Yiangos Karavis, Aretaieion Hospital, Greece

Yiangos Karavis

Aretaieion Hospital, Greece

Presentation Title:

Most Useful Acupuncture Points (MUAPs) teaching cluster: A structured narrative review of mechanistic evidence for biomedical acupuncture training

Abstract

Background: Acupuncture is increasingly evaluated within biomedical frameworks, yet its integration into modern practice remains limited by unclear mechanisms, heterogeneous training standards, and the lack of transparent point-selection systems. Traditional meridian models align poorly with contemporary neurophysiology, contributing to inconsistent protocols and barriers to rigorous research.
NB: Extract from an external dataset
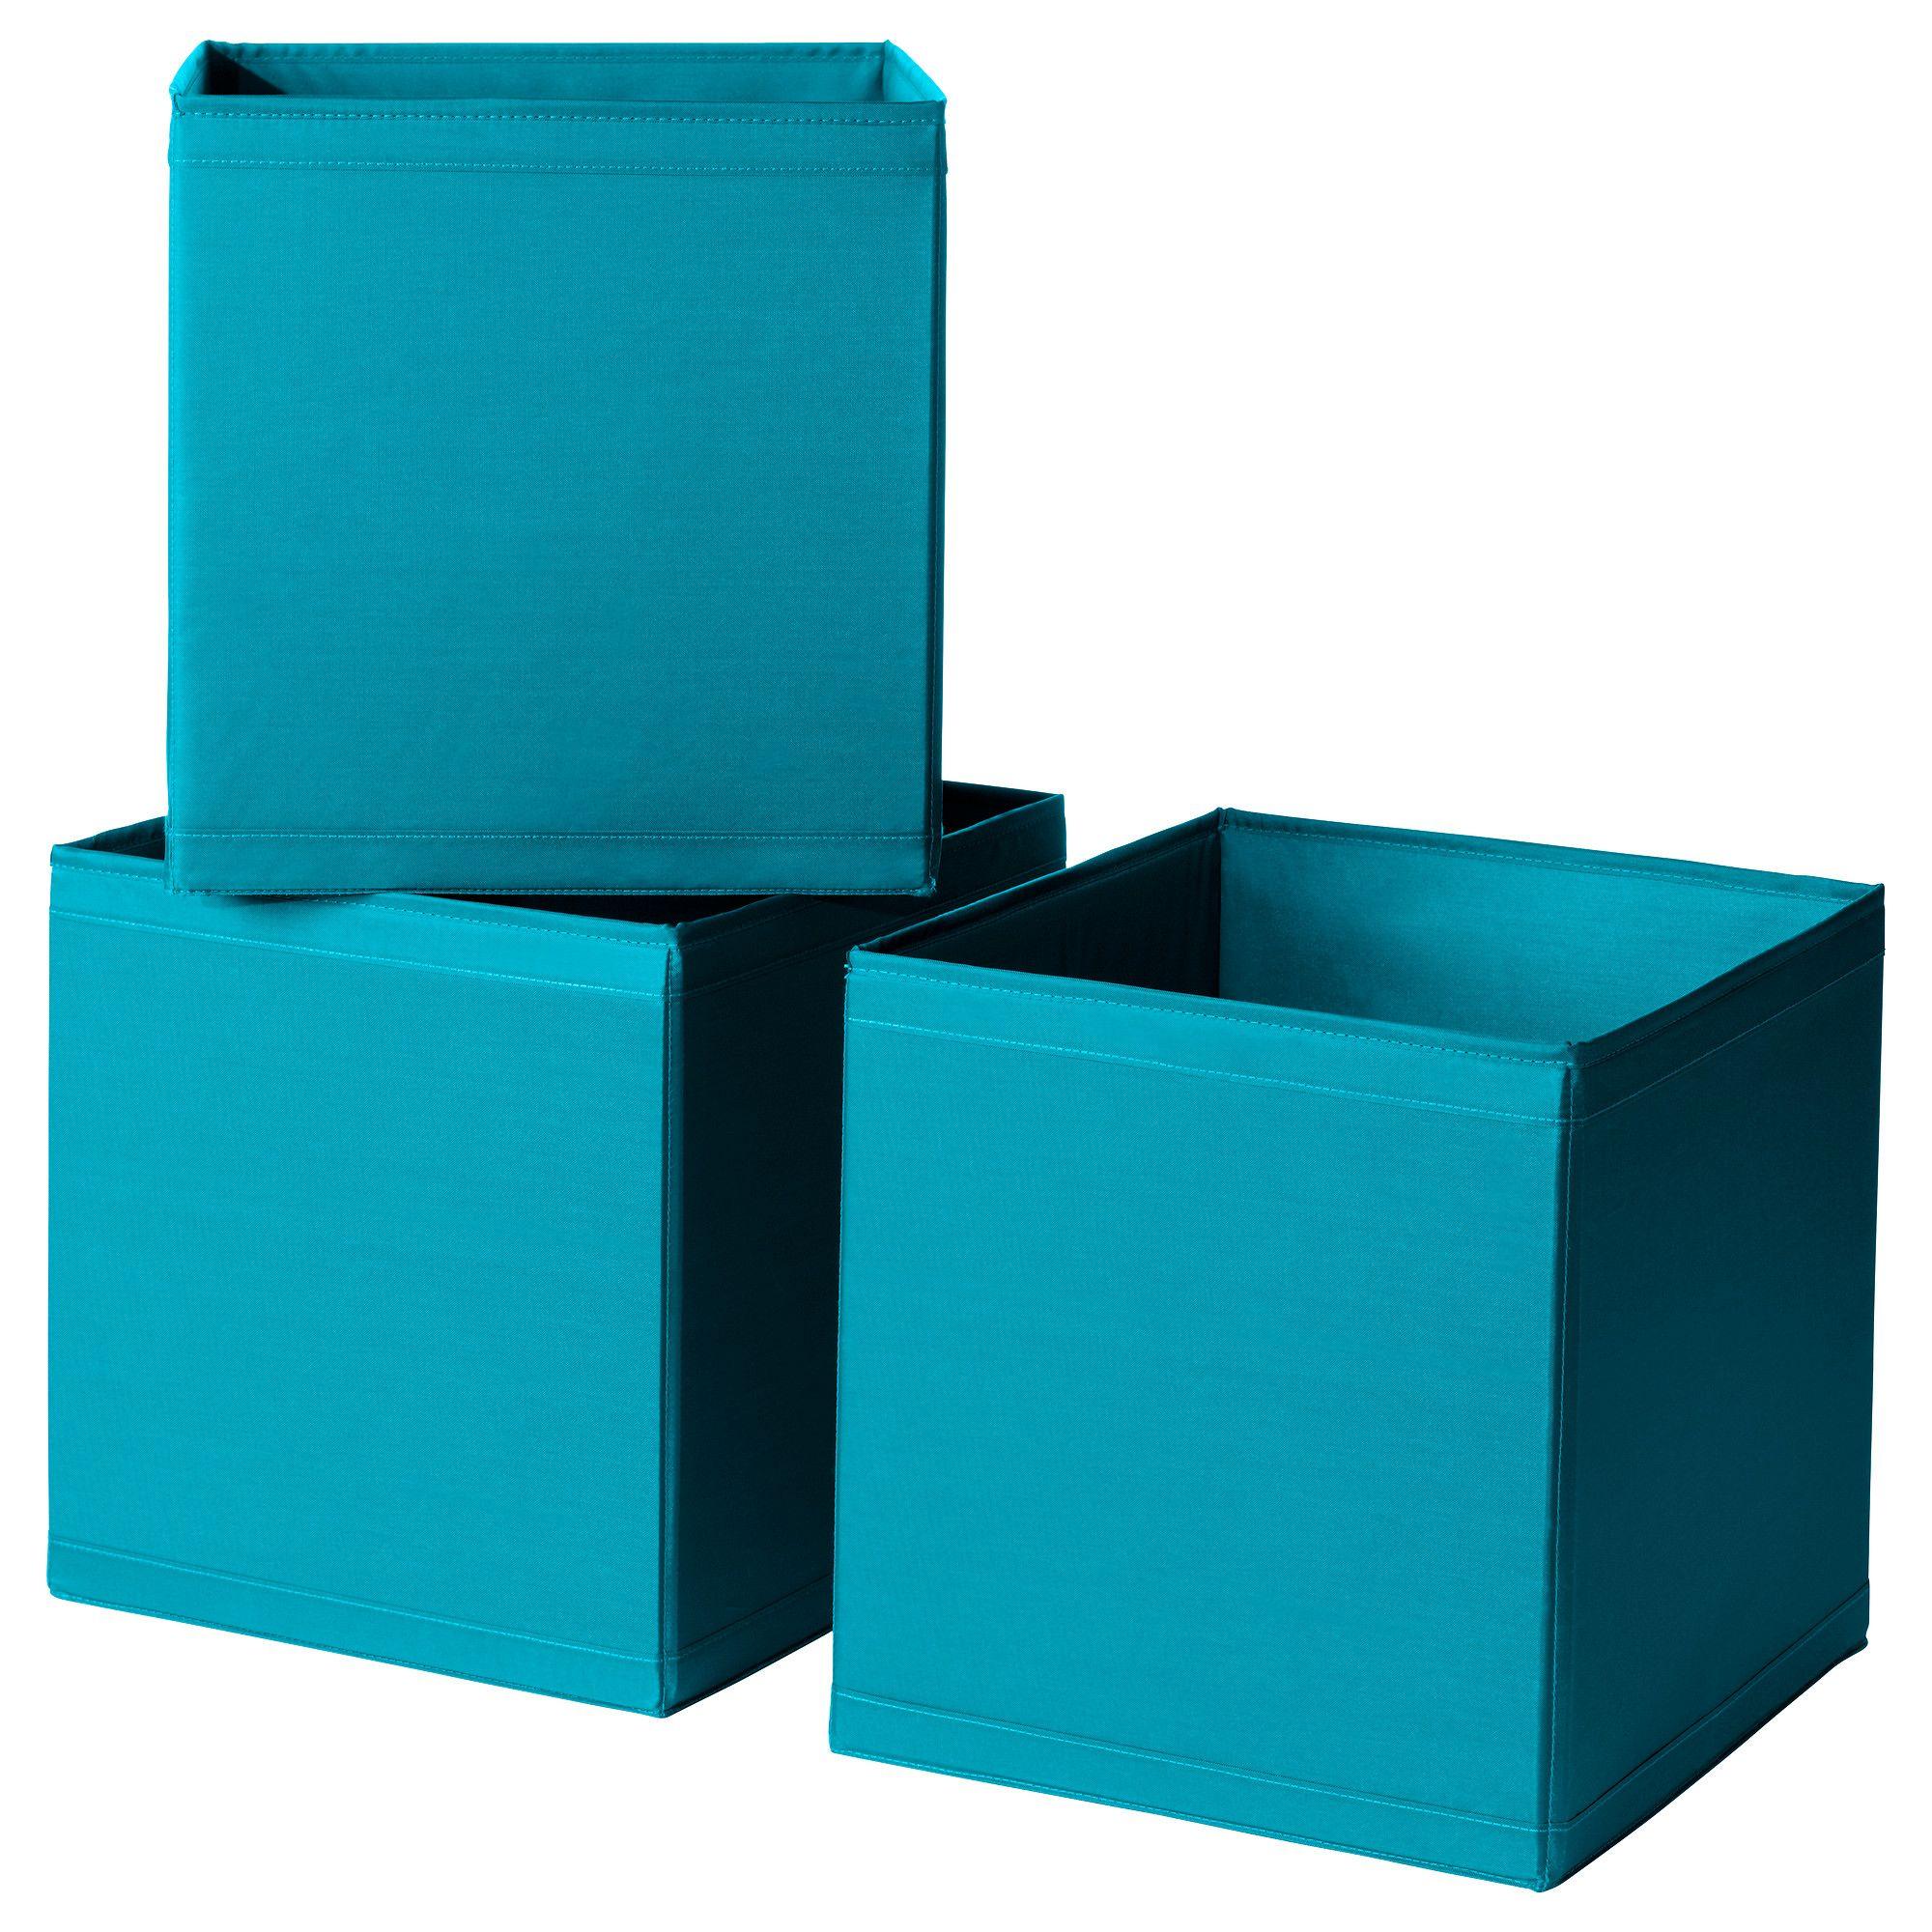 ikea skubb box white girls nursery ikea boxes ikea. Black Bedroom Furniture Sets. Home Design Ideas
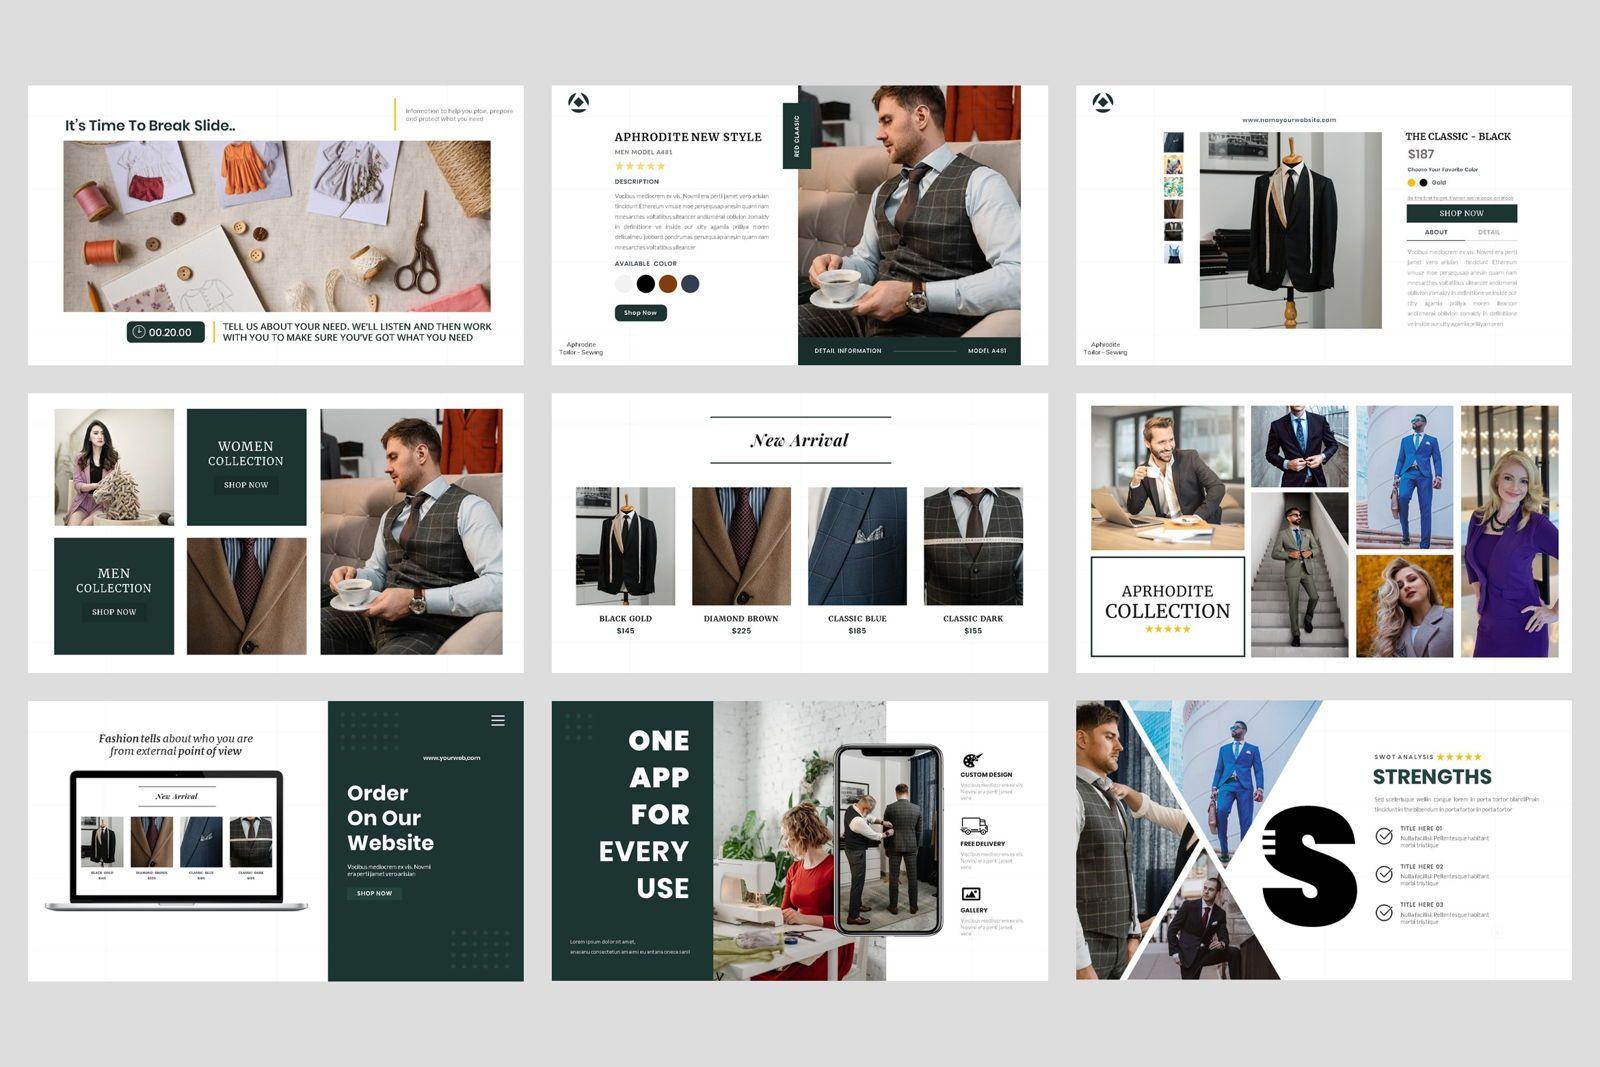 Tailor - Sewing Fashion Craft Keynote Template, Slide 4, 08633, Business Models — PoweredTemplate.com

This review examines the Most Useful Acupuncture Points (MUAPs) as a candidate, mechanismdriven acupoint cluster developed to address functional dysregulation and autonomic imbalance while providing a practical theoretical teaching framework. A structured narrative evidence synthesis was conducted using PubMed, Google Scholar, and backward citation tracking. Studies were included if they examined at least one prespecified candidate MUAP (LI4, PC6, ST36, SP6, LR3, GV20, GV26, GB34, TW5, CV6, or auricular vagus zone) and reported measurable physiological outcomes related to autonomic modulation, inflammatory signaling, neuroimmune pathways, brain-gut reflexes, limbic or cortical activity, or HRV (heart rate variability) parameters. A total of 71 studies met the inclusion criteria and underwent standardized mechanistic extraction. Across animal and human models, MUAPs demonstrated convergent effects across multiple physiological domains. ST36 and PC6 were repeatedly associated with vagal pathways, increased high-frequency HRV, and suppressed sympathetic activity. ST36, SP6, LI4, and GV20 reduced pro-inflammatory cytokines and modulated NF-κB and NLRP3 signaling. LI4, LR3, ST36, and GV20 influenced limbic-paralimbic and cortical networks. Multiple points improved visceral motility, analgesia, neuroprotection, and cognitive outcomes, with recurrent mechanistic support across studies. MUAPs represent a candidate, mechanistically grounded acupoint cluster with effects on autonomic, neuroimmune, and neurophysiological systems. This framework may support future educational and clinical protocol development, but requires prospective validation.